In 1673 he became librarian to Cosimo III de' Medici, Grand Duke of Tuscany. Magliabechi became the central figure of literary life in Florence, and scholars of every nation sought his acquaintance and corresponded with him. Whilst this eminent post gave him considerable prominence, he is remembered more for his personal characteristics and his vast store of self-acquired learning. He was nicknamed the Enciclopedic, the animated Library, a literary glutton (Divoratore di Libri), and the most rational of bibliomaniacs, inasmuch as he read everything he bought. His own library consisted of 40,000 books and 10,000 manuscripts. His house literally overflowed with books; the stairways were lined with them, and they even filled the front porch. Many stories are told of his marvellous memory that was "like wax to receive and marble to retain."
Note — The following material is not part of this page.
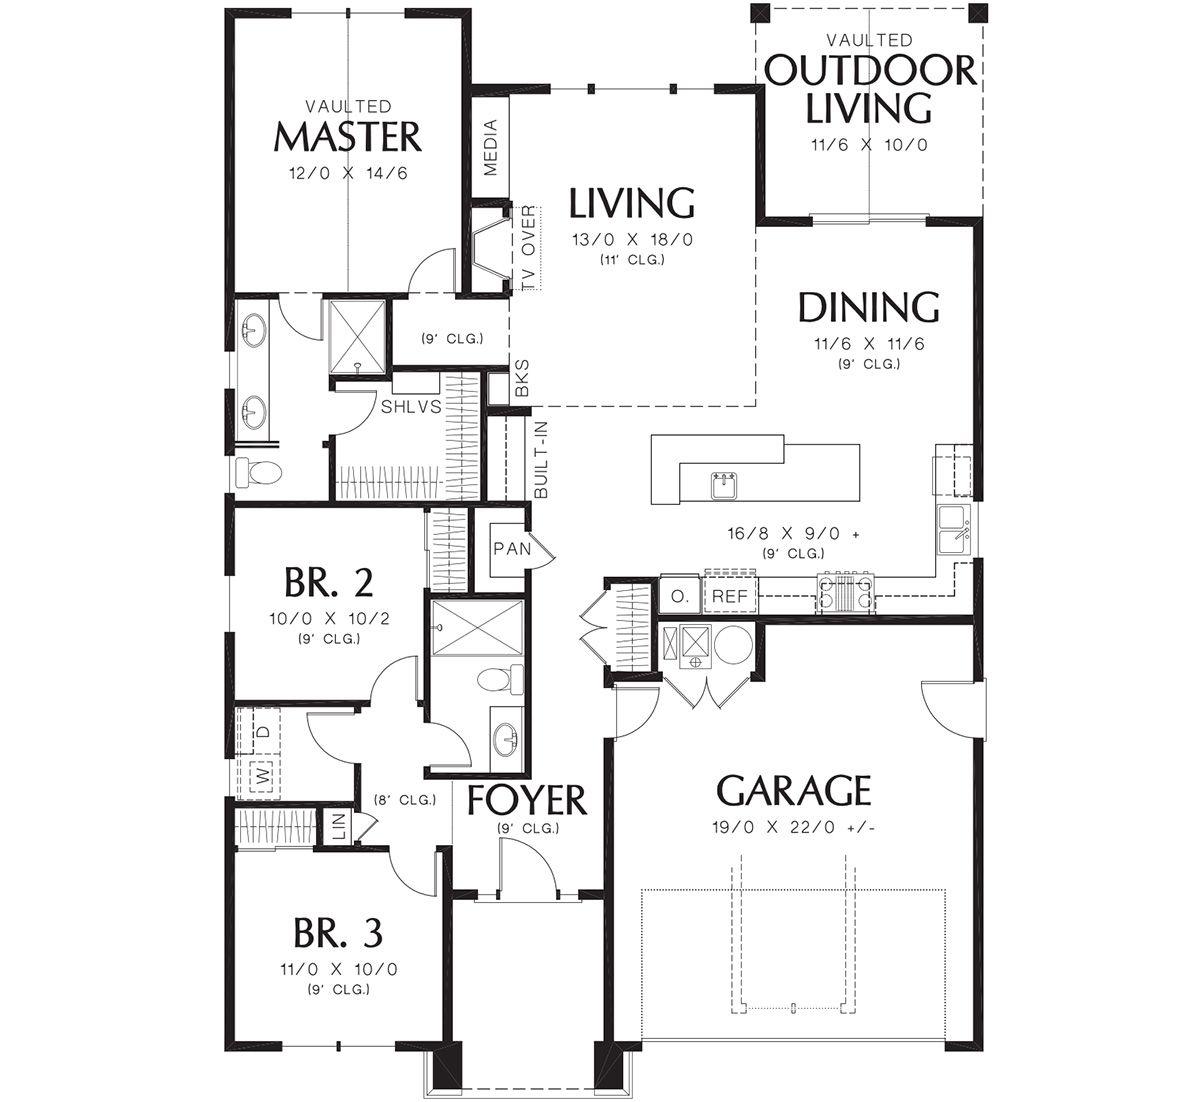 House Plan 2559 00679 Craftsman Plan 1 529 Square Feet 3 Bedrooms 2 Bathrooms Narrow House Plans House Plans How To Plan

In worldly matters Magliabechi was extremely negligent. Reputedly, he once even forgot to draw his salary for over a year. He wore his clothes until they fell from him, and thought it a great waste of time to undress at night, "life being so short and books so plentiful". He welcomed all inquiring scholars, provided they did not disturb him while at work. He had a hearty dislike for Jesuits. The story goes that one day in pointing out the Palazzo Riccardi to a stranger he said, "Here the new birth of learning took place," and then turning to the college of the Jesuits, "There they have come back to bury it."
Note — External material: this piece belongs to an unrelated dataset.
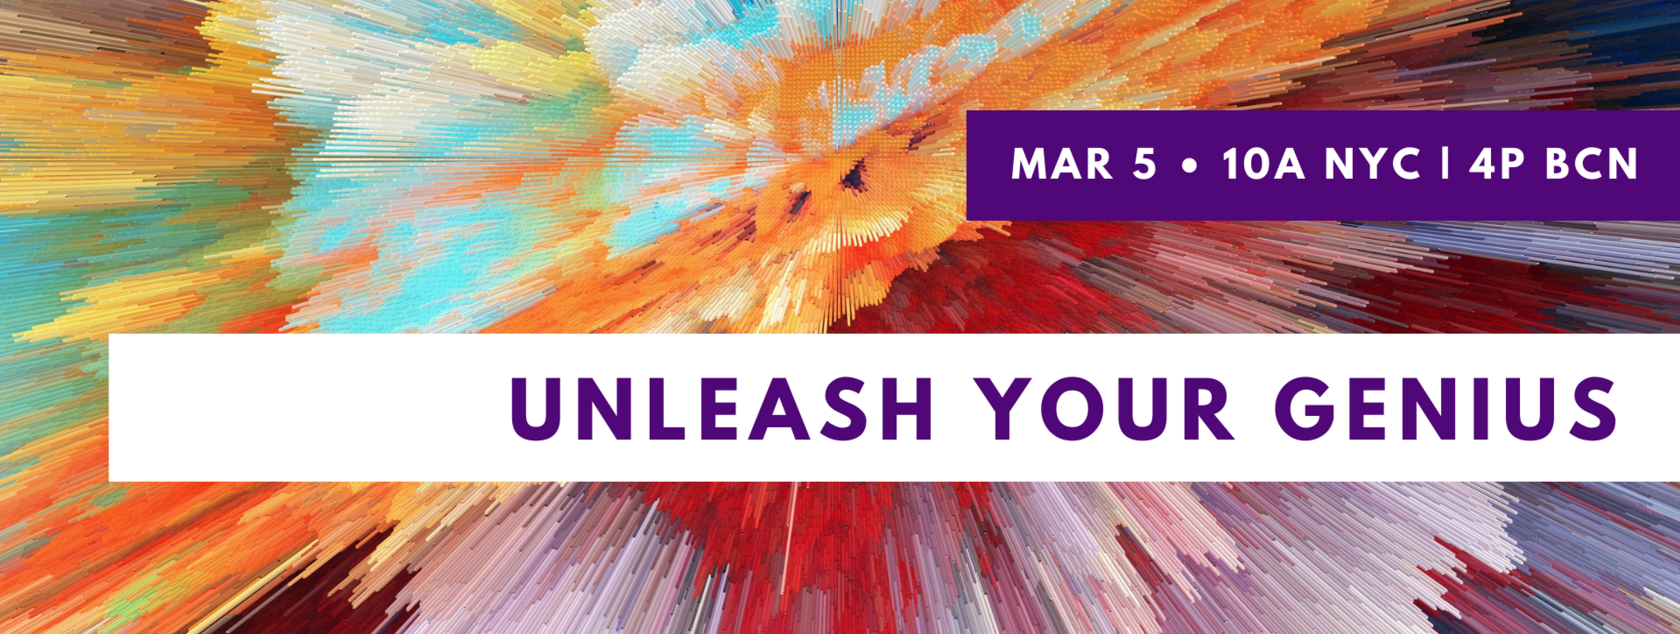 event-program-unleash-your-genius

Magliabecchi died at the age of 81, in 1714, at the monastery of Sta. Maria Novella. He left his books to the Grand Duke to be used as a public library; his fortune went to the poor. His library, known as the "Magliabechiana", was combined with the grand-ducal private library by Victor Emmanuel II of Italy in 1861, the two forming the core of the Biblioteca Nazionale Centrale Firenze.

==Eccentricities==
Magliabechi was known as an eccentric. He was a man of a most forbidding and savage aspect, and exceedingly negligent of his person. He refused to be waited upon. His diet was commonly three hard-boiled eggs, with a draught of water. Magliabechi did not care about personal hygiene and slept in his clothes. He had a small window in his door, through which he could see all those who approached him; and if he did not wish for their company, he would not admit them. He spent some hours in each day at the palace library; but is said never in his life to have gone farther from Florence than to Prato, whither he once accompanied Cardinal Henry Noris, librarian at the Vatican, to see a manuscript.